Plotting my Apple sales plots
July 25, 2018 at 10:03 PM by Dr. Drang
Last week, Jason Snell wrote a nice post on how he automated his system for producing and uploading the many charts he makes whenever Apple posts its quarterly results. It’s a Mac-centric system, based on Numbers, Image Magick, SCP
I am not heroic. The creation of my charts is automated automatically (so to speak) because they come from Python scripts. And I can generate them from iOS through the simple expedient of using Prompt to log into my Mac from my iPad or iPhone and then typing the name of the necessary script at the command line.

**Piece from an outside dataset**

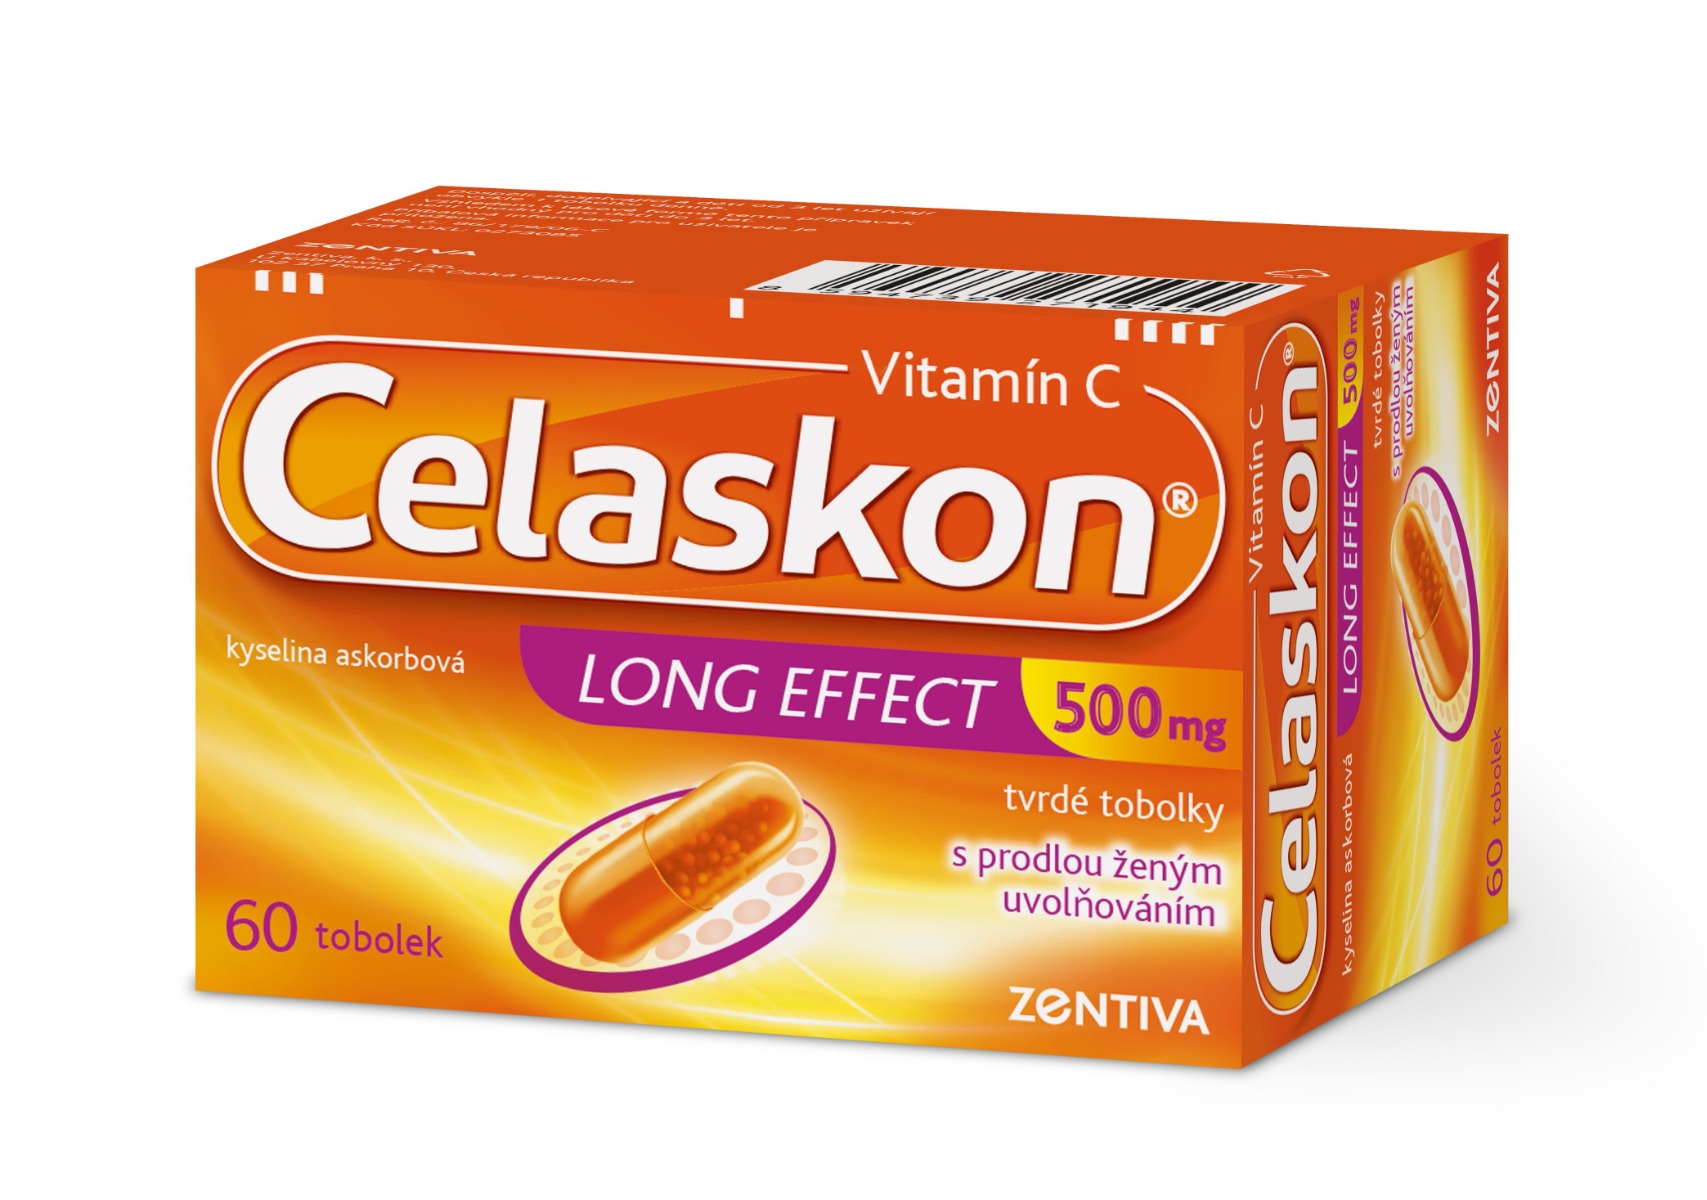 Celaskon Long Effect 500 mg 60 tobolek Celaskon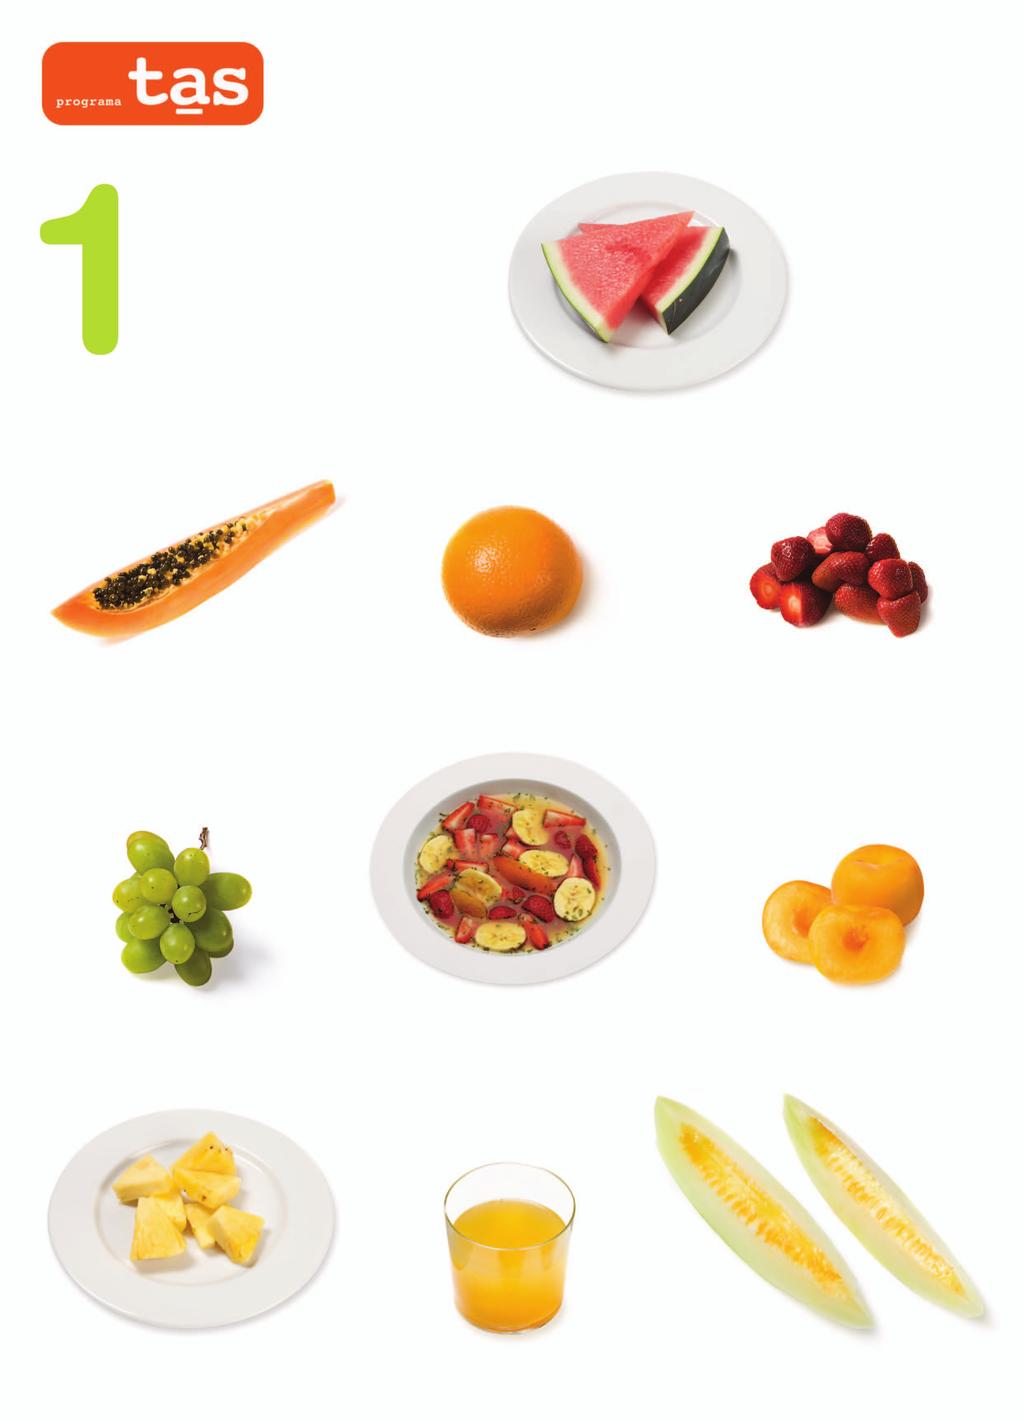 FRUTAS Para ayudarte a contar, considera una ración de fruta cualquiera de los siguientes ejemplos: 1 corte de sandía 1 corte de papaya 1

What’s that? You don’t think logging onto a Mac and running a Terminal command is “generat[ing] them from iOS”? Well, I’ve already told you I’m not heroic; you shouldn’t be surprised that I’m also a cheater.
Cheater or not, I was inspired by Jason to add a few things to my Apple chart-making scripts. Two of them, reducing the size of the graphic via OptiPNG and uploading the resulting file through STFP, were things I used to do at the command line after making a chart. Another was analytic: to the raw sales and four-quarter moving average, I added a companion line that tracks the year-over-year sales associated with the current quarter. People seem to like year-over-year data, and it was easy to include. Finally, I thought the branding joke of putting my giant snowman head in a prominent place of every graph had worn thin, so I made the head much smaller and tucked it into a less conspicuous spot.
The result, still using the results reported three months ago, looks like this:
The year-over-year tracking is done by making those raw sales dots slightly bigger than the others and connecting them with a thin, faint, and dashed line. My goal was to maintain the prominence of the moving average while making easier to see the year-over-year changes. One thing I’d never noticed before was that the Jan-Mar quarter used to have above average iPhone sales but hasn’t since 2015.
The plot above was made to compare the three product lines. Because the iPhone sets the plot’s scale, it also serves as a decent plot of the iPhone itself. But it’s terrible at showing the evolution of iPad and Mac sales, so I also make individual plots for them.
The data is kept in files that look like this,
2016-Q1 2015-12-26 74.779
2016-Q2 2016-03-26 51.193
2016-Q3 2016-06-25 40.399
2016-Q4 2016-09-24 45.513
2017-Q1 2016-12-31 78.290
2017-Q2 2017-04-01 50.763
2017-Q3 2017-07-01 41.026
2017-Q4 2017-09-30 46.677
2018-Q1 2017-12-30 77.316
2018-Q2 2018-03-31 52.217
with one line per quarter, with the quarter’s name, end date, and sales separated by whitespace. There’s a file like this for each of the devices.
The script I use to make the first plot is this:
1 #!/usr/bin/env python
2
3 from datetime import date, datetime
4 from sys import stdin, argv, exit
5 import numpy as np
6 import matplotlib.pyplot as plt
7 import matplotlib.dates as mdates
8 from matplotlib.ticker import MultipleLocator
9 from PIL import Image
10 import paramiko
11 import subprocess
12
13 # Initialize
14 phoneFile = 'iphone-sales.txt'
15 padFile = 'ipad-sales.txt'
16 macFile = 'mac-sales.txt'
17 firstYear = 2010
18 today = date.today()
19 baseFile = today.strftime('%Y%m%d-Apple sales')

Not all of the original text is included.